The conversation on road safety must, therefore, go beyond crash prevention and include post-crash care, which is a crucial part of public health.
India has made visible improvements in vehicle safety norms, expressway construction and helmet or seatbelt campaigns, yet the NCRB data shows that safety still needs to be central to transport planning. Strengthening outcomes requires interventions that are practical and evidence-based. Mandatory speed-calming measures on rural roads, such as rumble strips, slow zones and raised crossings, can reduce high-speed crashes.
A graduated driver licensing system can help address the higher risks faced by young or inexperienced riders and drivers. A time-bound national programme to fix blackspots, supported by public dashboards, would ensure accountability. Artificial intelligence (AI)-based enforcement should detect speeding and lane violations while incorporating strong privacy safeguards.
Urban planning needs to prioritise pedestrians by ensuring regular crossings, protected school zones, wider footpaths and universal accessibility, consistent with global vulnerable road user frameworks. Financial support for certified helmets, especially for low-income riders and delivery workers, can reduce preventable deaths. Trauma care must also improve through faster establishment of trauma centres in underserved districts and a single, reliable national emergency helpline that works effectively in rural areas.
The government has shown a strong commitment to expanding road networks. Directing similar attention to road safety can help India reverse the fatality trend with adopted targeted policy reforms.
India’s transportation ecosystem is a symbol of economic aspiration. However, mobility without safety cannot be the benchmark of progress. Roads should enable opportunity, not extract a human toll. Every life lost to an avoidable accident represents a family changed forever and a reminder that infrastructure and human wellbeing must be planned together.

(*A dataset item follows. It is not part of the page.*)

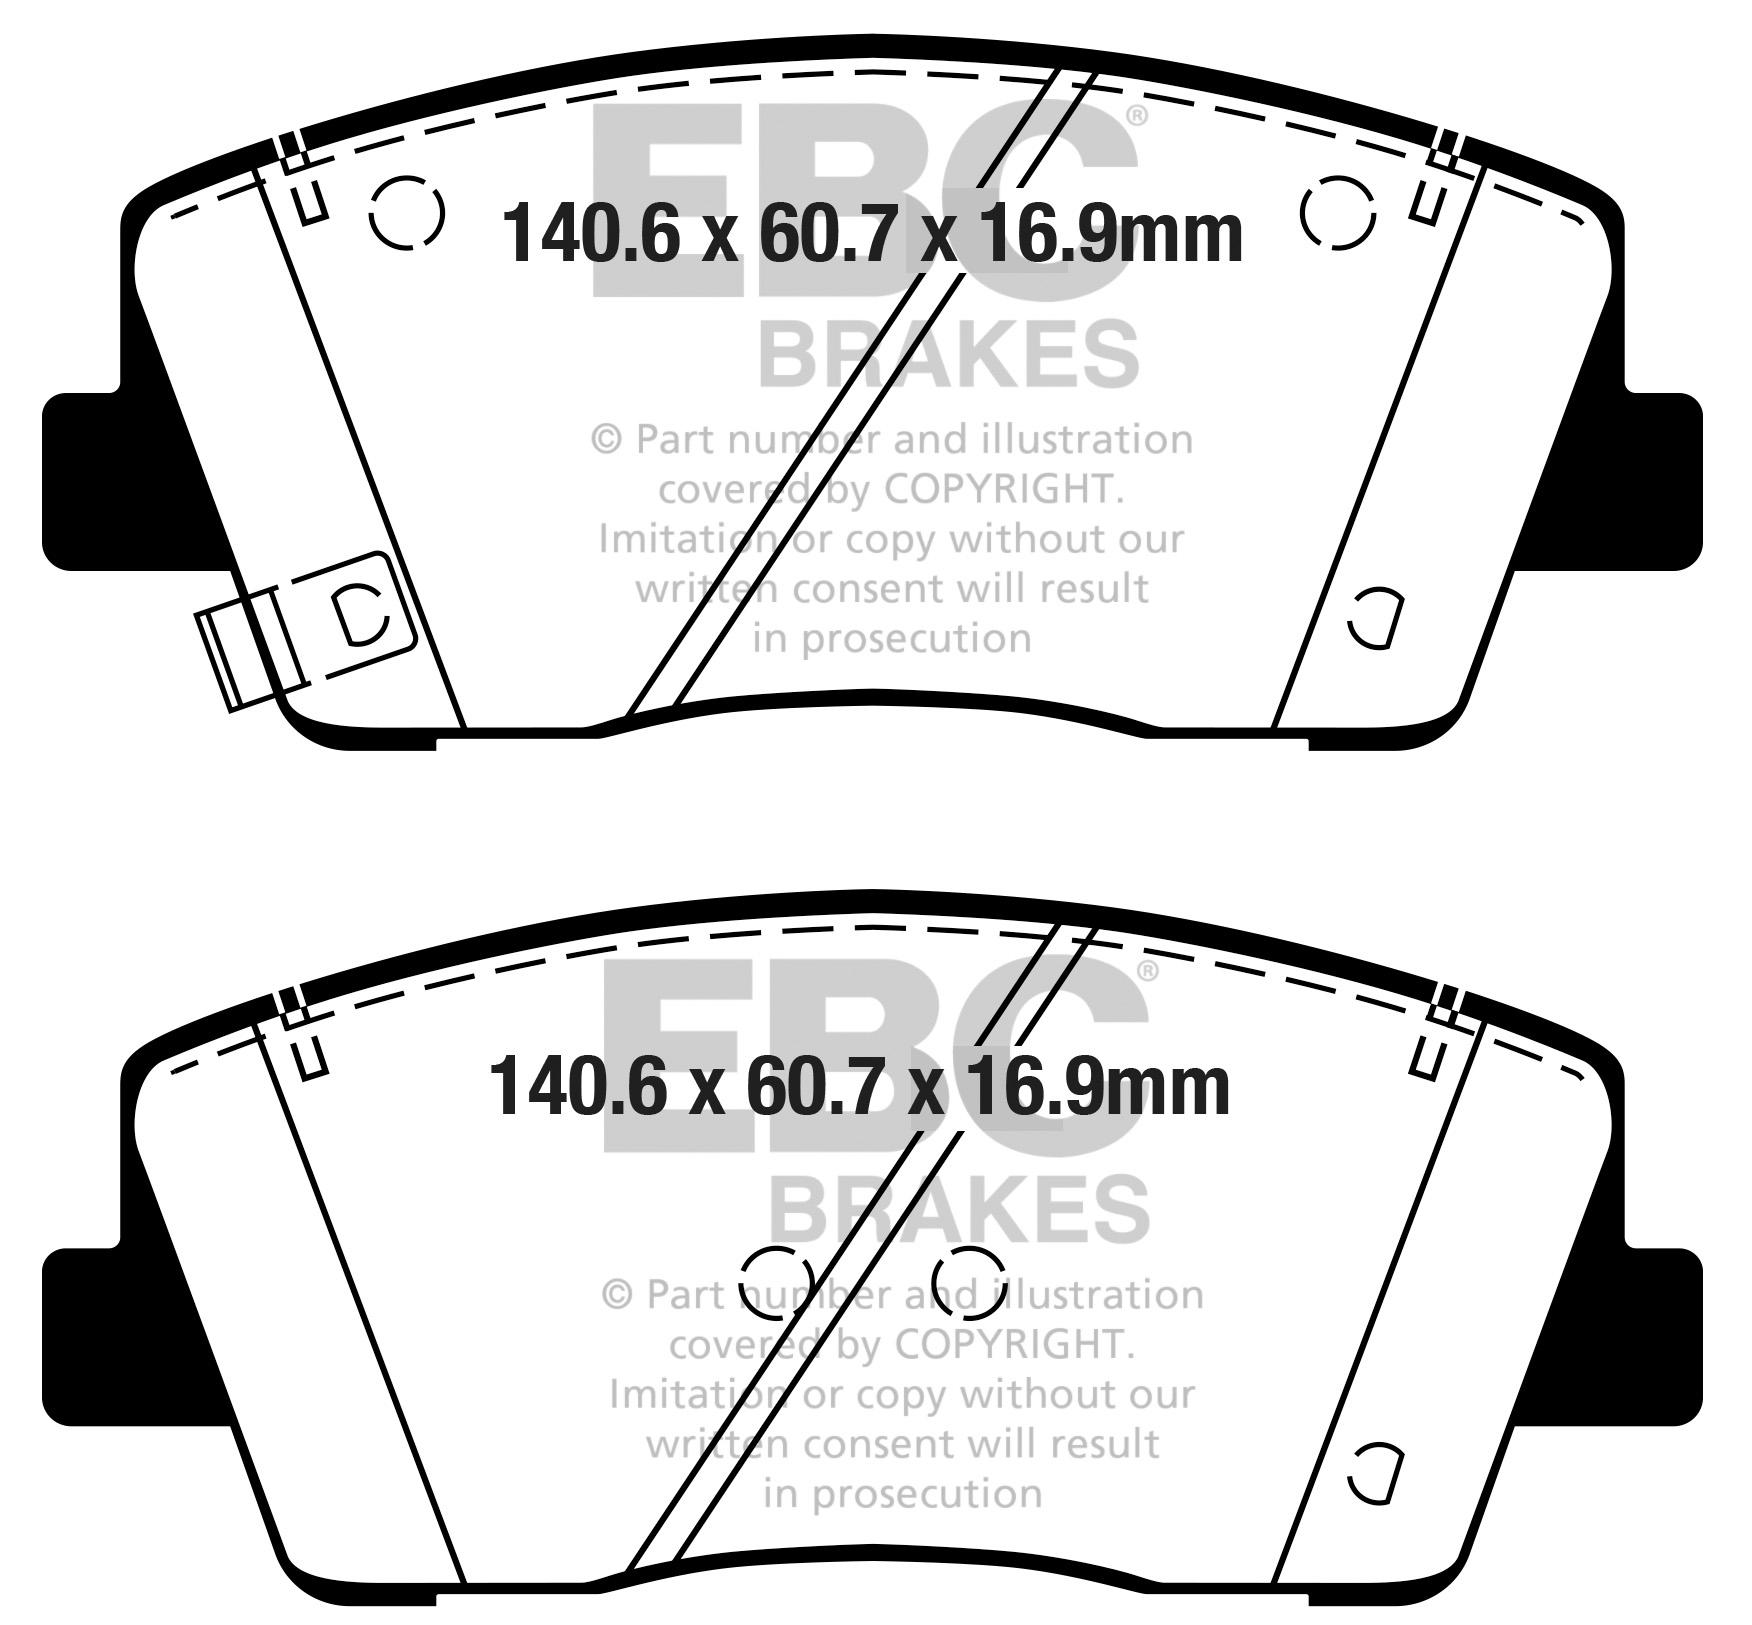 KIA Stinger 2.0 Turbo 2017- - Perfect kes Discs, Pads and ... on kubota diagrams, bmw diagrams, freightliner diagrams, ducati diagrams, ford diagrams, jeep diagrams, corvette diagrams, smart car diagrams, toyota diagrams,

The NCRB report should not be read simply as a statistical document. It should be regarded as a call for government responsibility, because only the government can set nationwide standards, enforce laws, design safer roads, regulate vehicles and ensure reliable emergency care.
A safe transport system depends on strong policies, consistent monitoring and equitable investment across both urban and rural regions. Once the government provides this foundation, other stakeholders can act more effectively.
Road engineers can design with safety as a primary goal, law enforcement can implement rules fairly, schools can educate children on safe behaviour and communities can build a culture that values responsible driving. Families, civil society and the private sector all have important roles, but their efforts must revolve around a system shaped and enabled by government leadership. India can achieve meaningful road safety, but it requires steady national commitment supported by aligned action from every stakeholder.